What needs to be done: Range to repeat from the listing below: the line containing "15551030-birthday-candles-showing-nr-200.jpg" down to the line containing "Traeger Traeger Leg & Wing Rack - BAC326", both included. Copy it exactly, pictures excluded, and add nothing else.

Material for the task:
^^^^

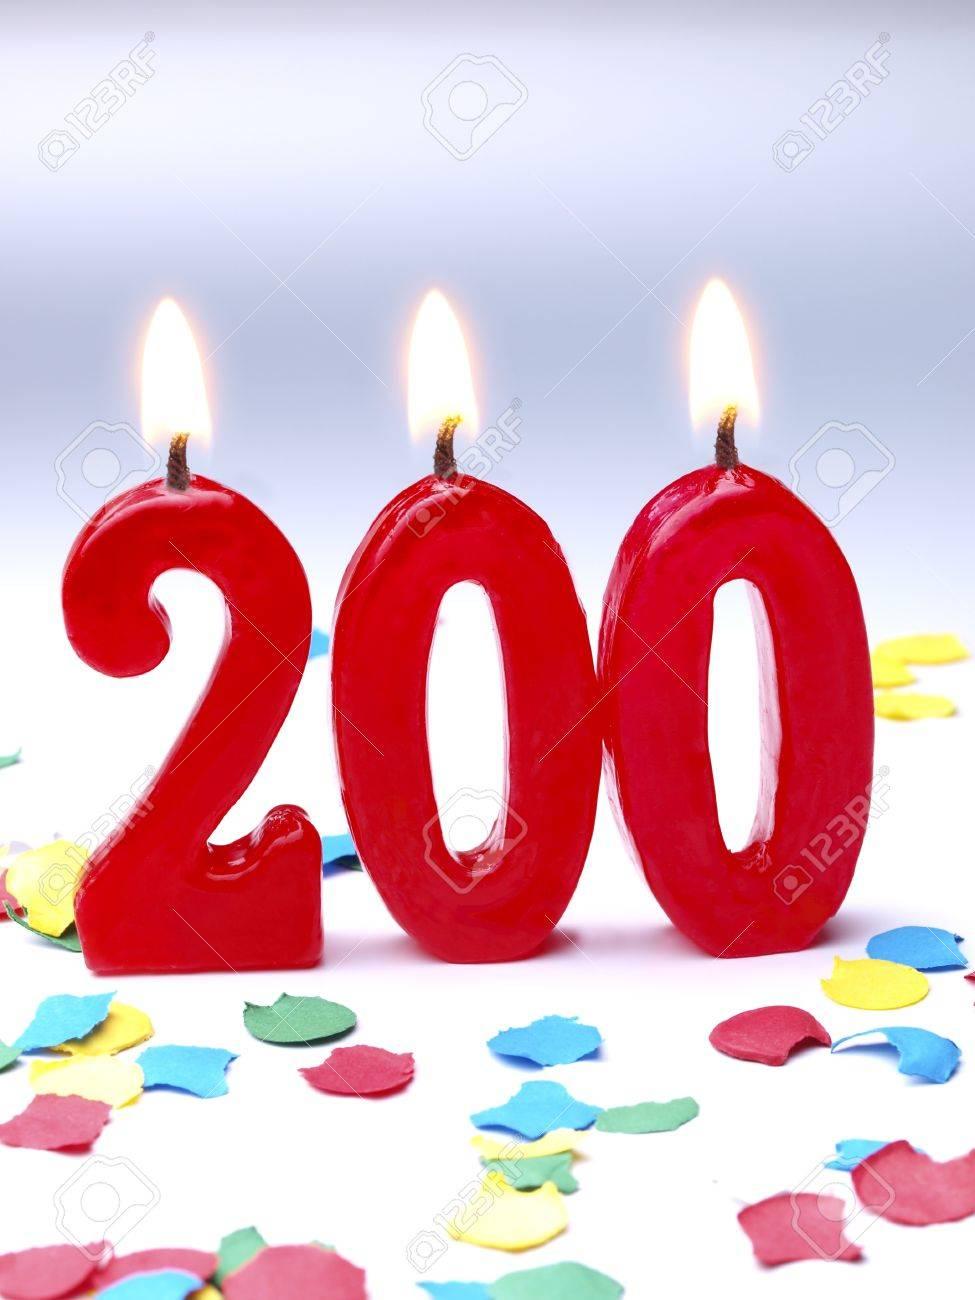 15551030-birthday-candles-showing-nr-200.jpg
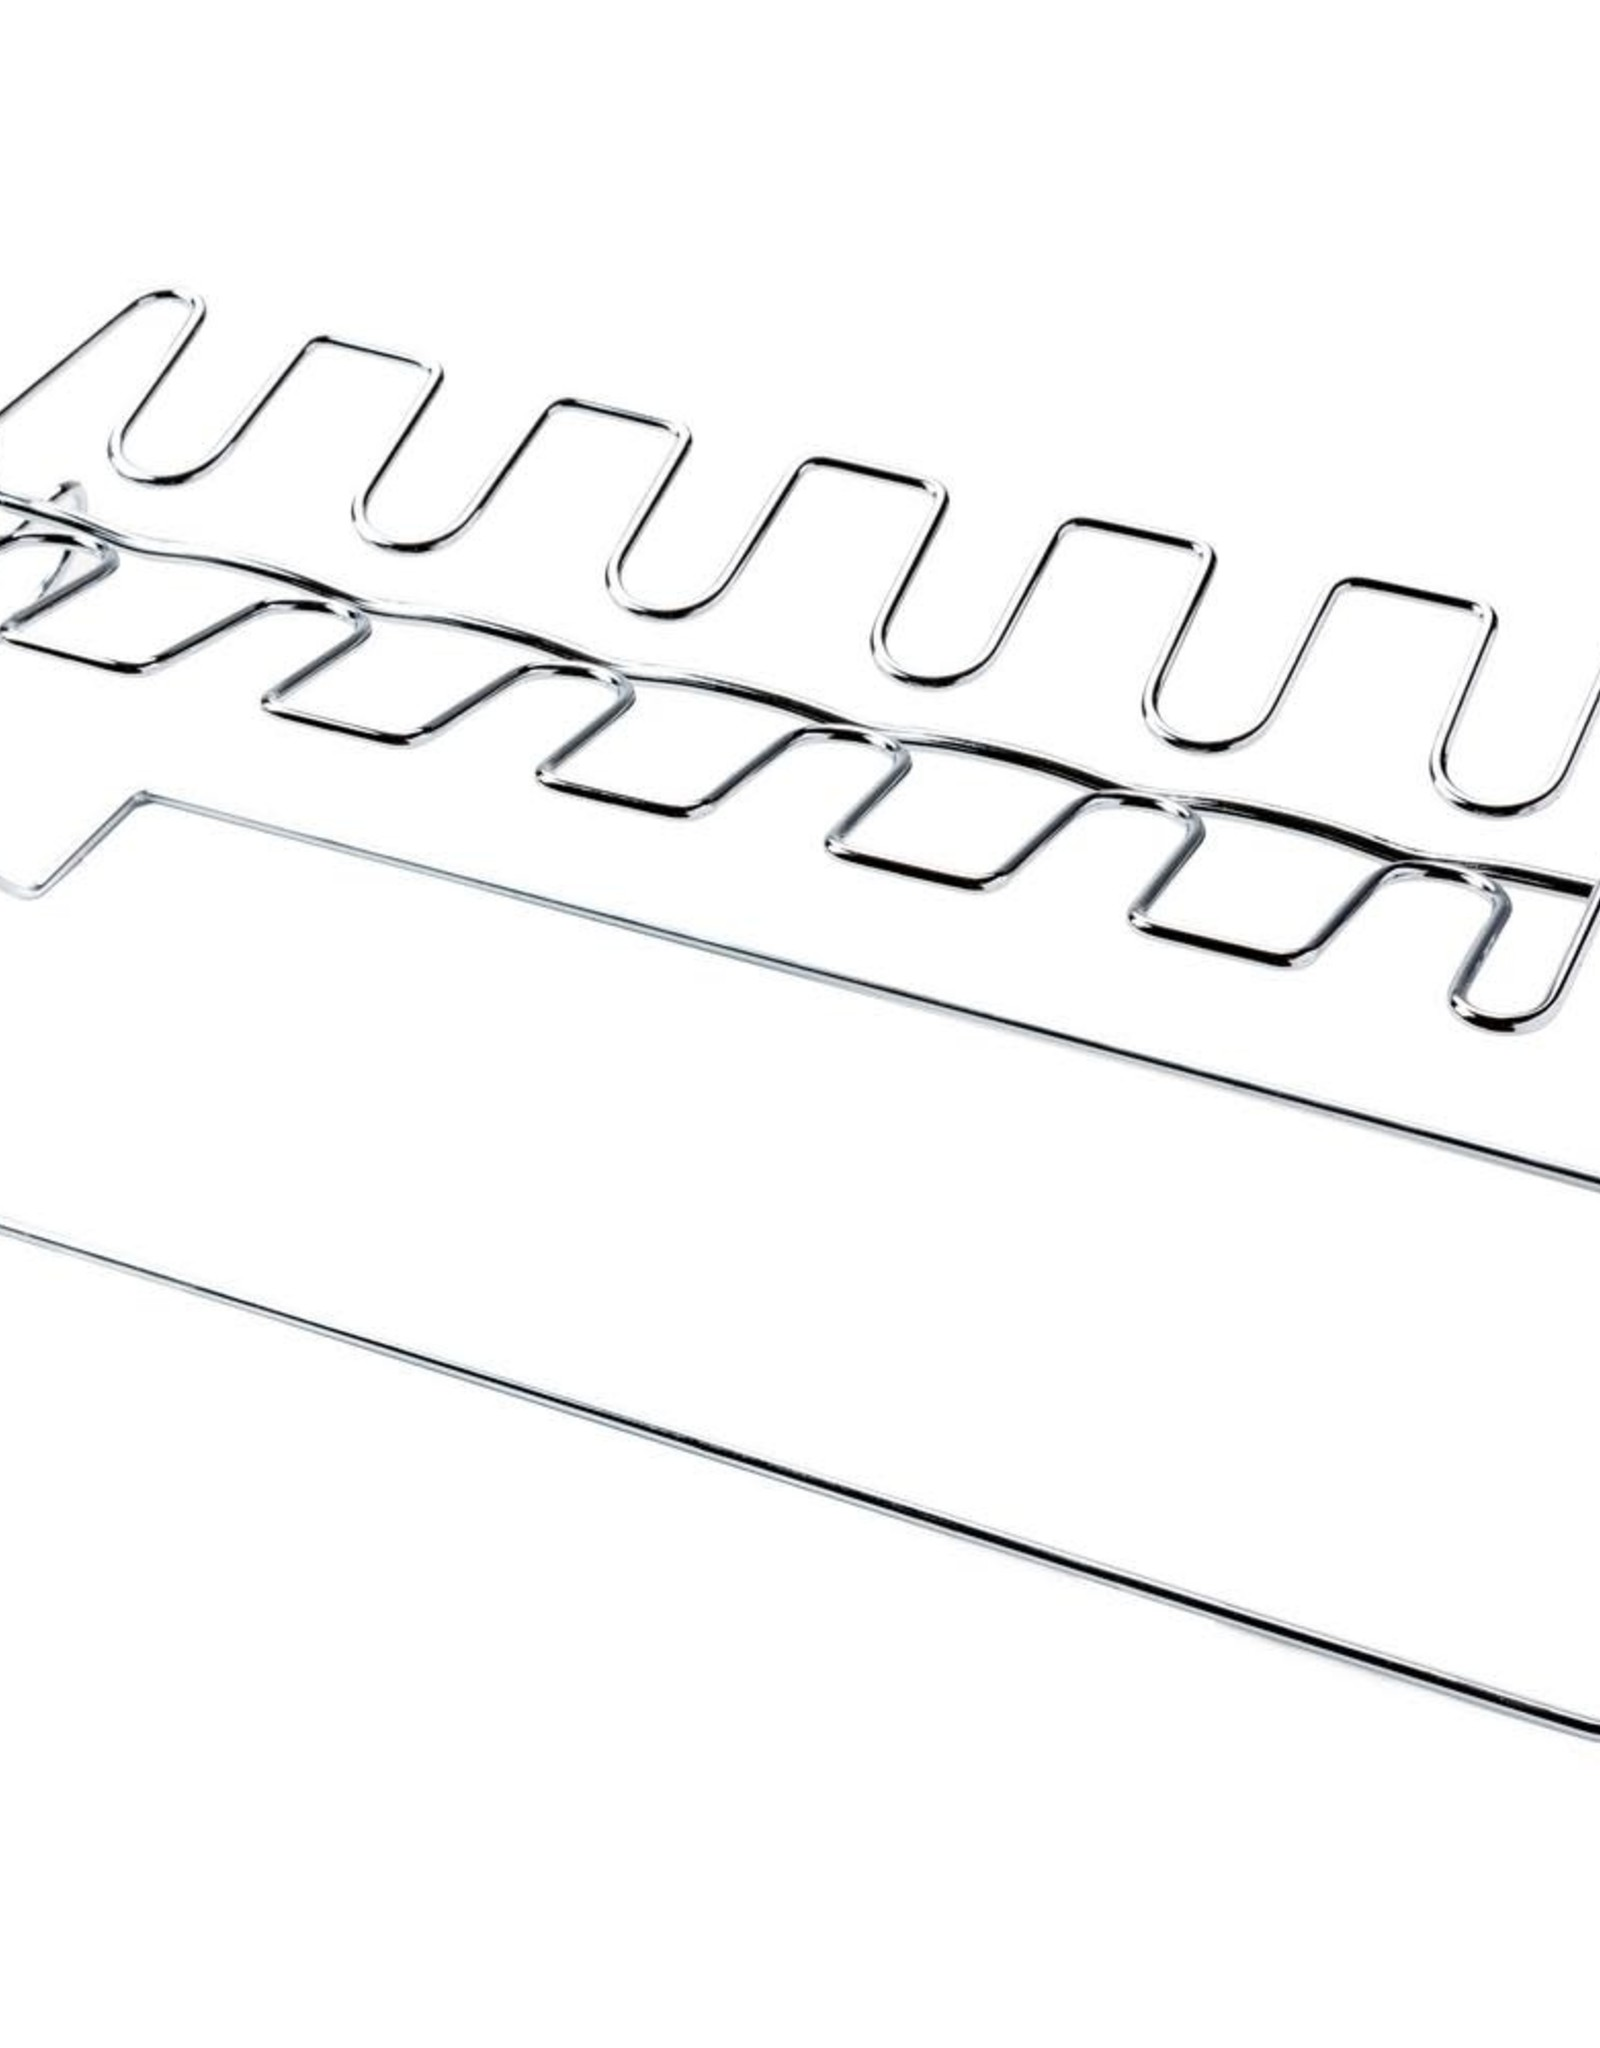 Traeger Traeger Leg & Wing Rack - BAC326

^^^^

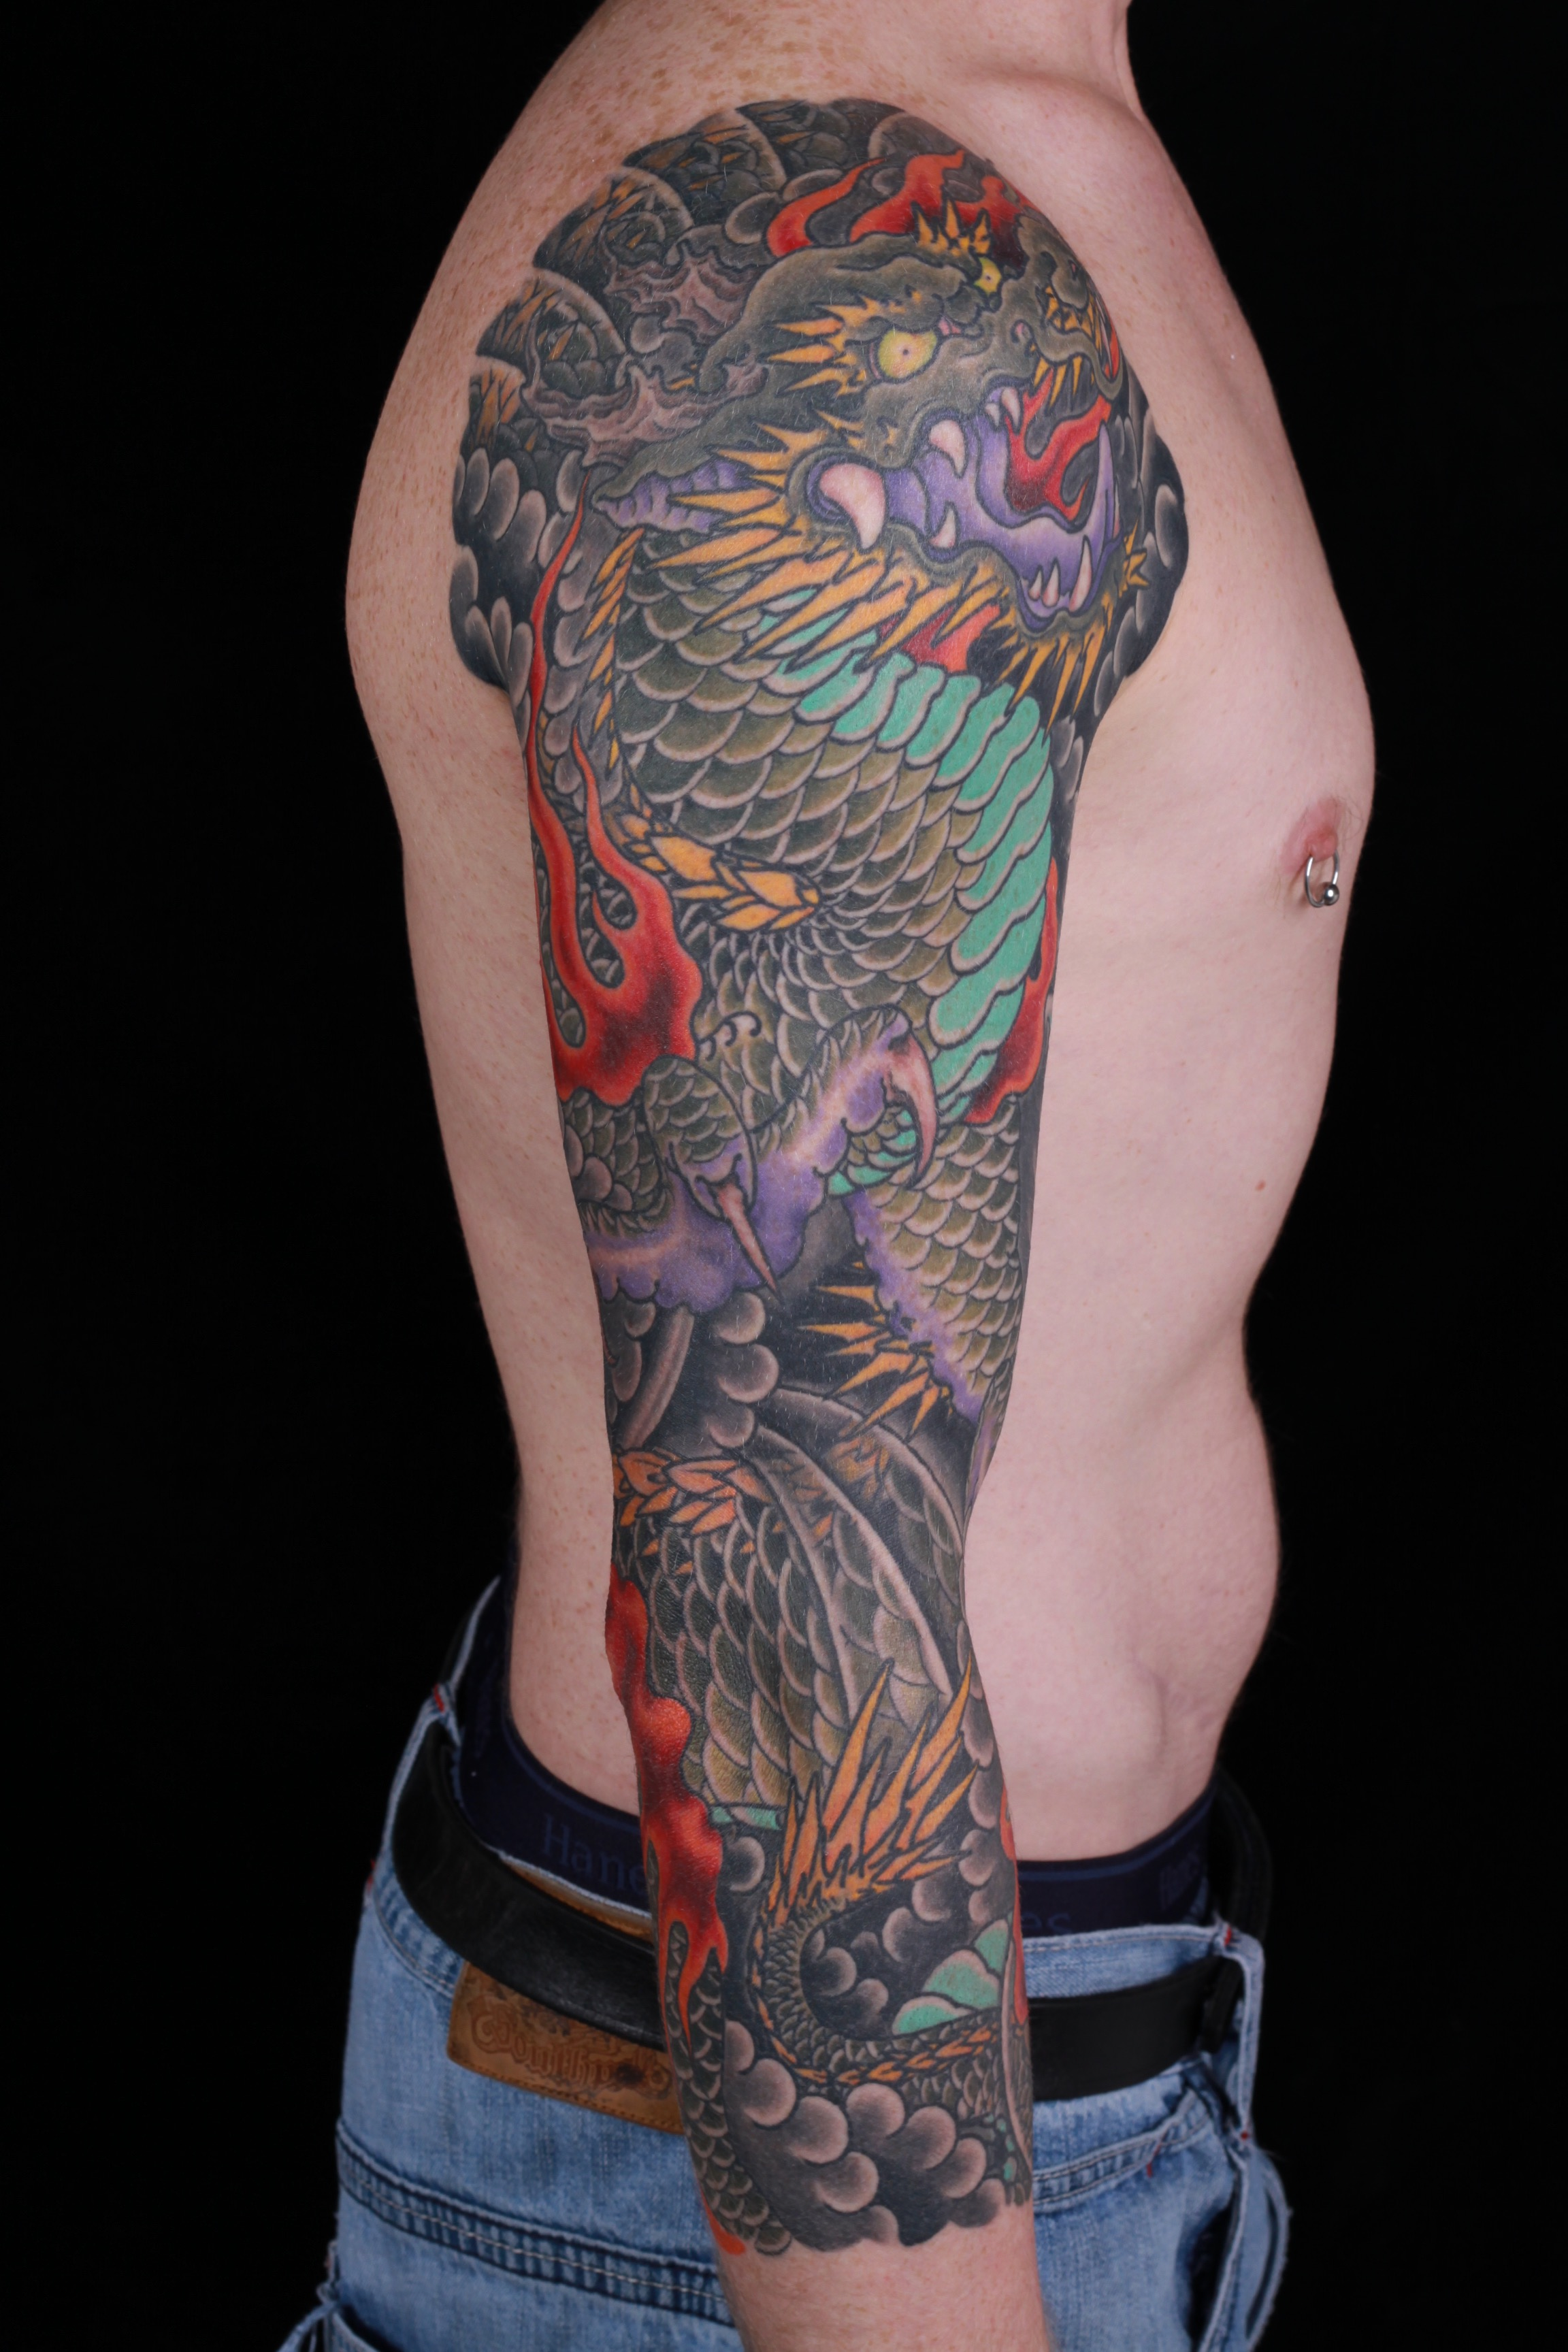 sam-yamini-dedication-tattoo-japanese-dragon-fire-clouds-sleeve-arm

^^^^

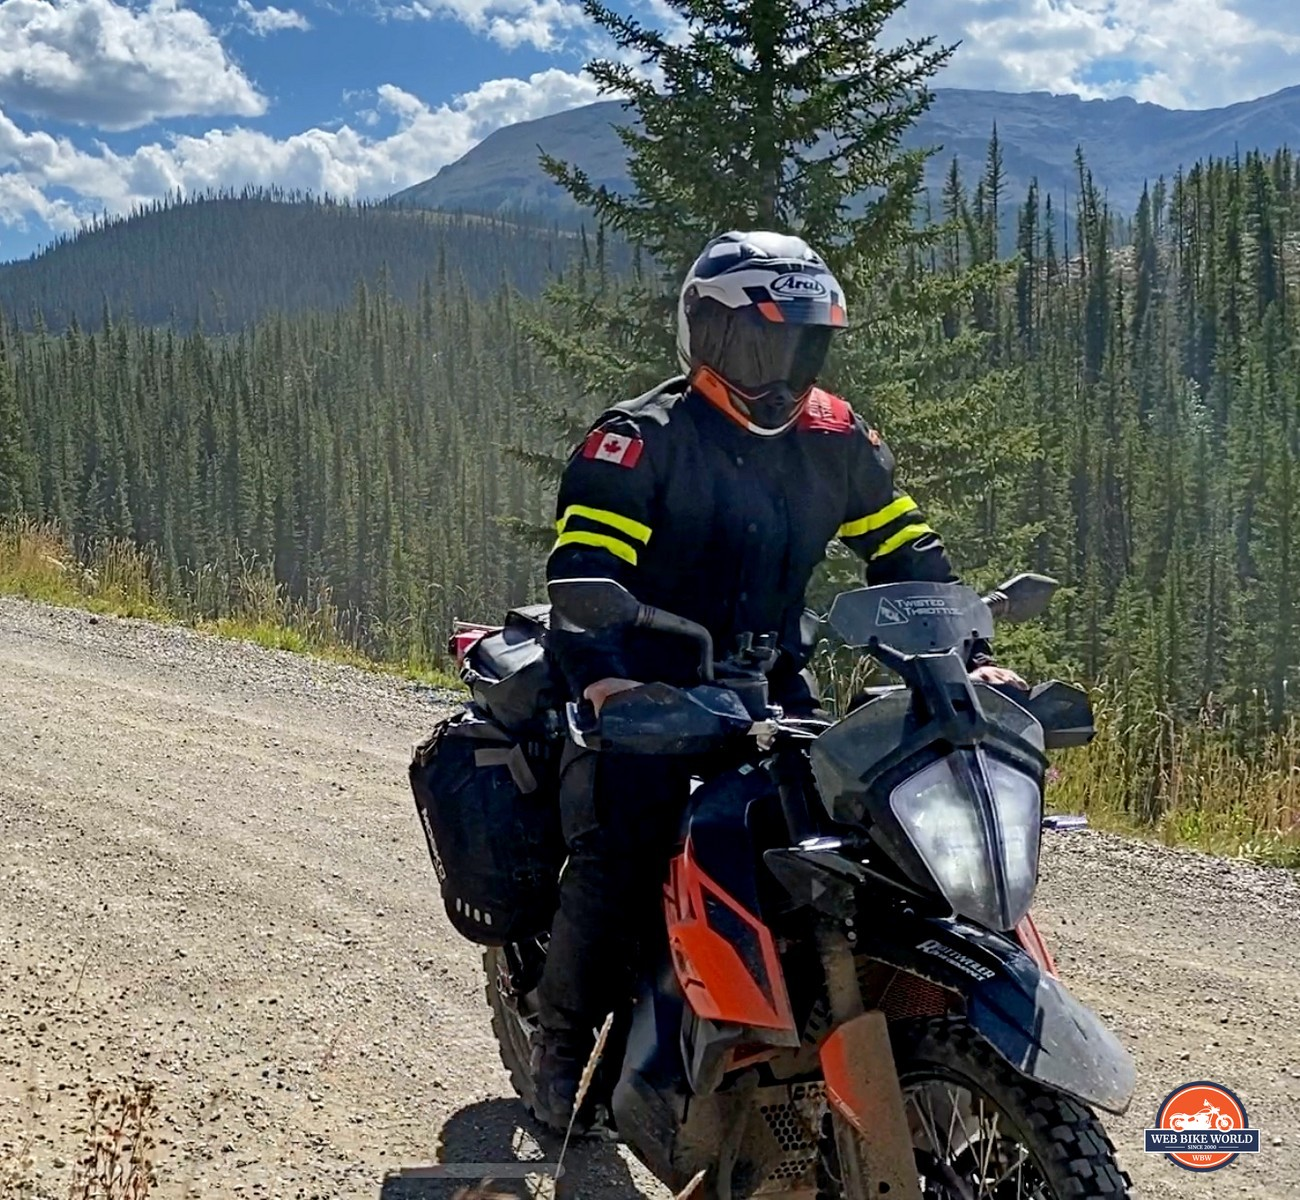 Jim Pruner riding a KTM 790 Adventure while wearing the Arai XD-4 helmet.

^^^^

Result:
 15551030-birthday-candles-showing-nr-200.jpg
 Traeger Traeger Leg & Wing Rack - BAC326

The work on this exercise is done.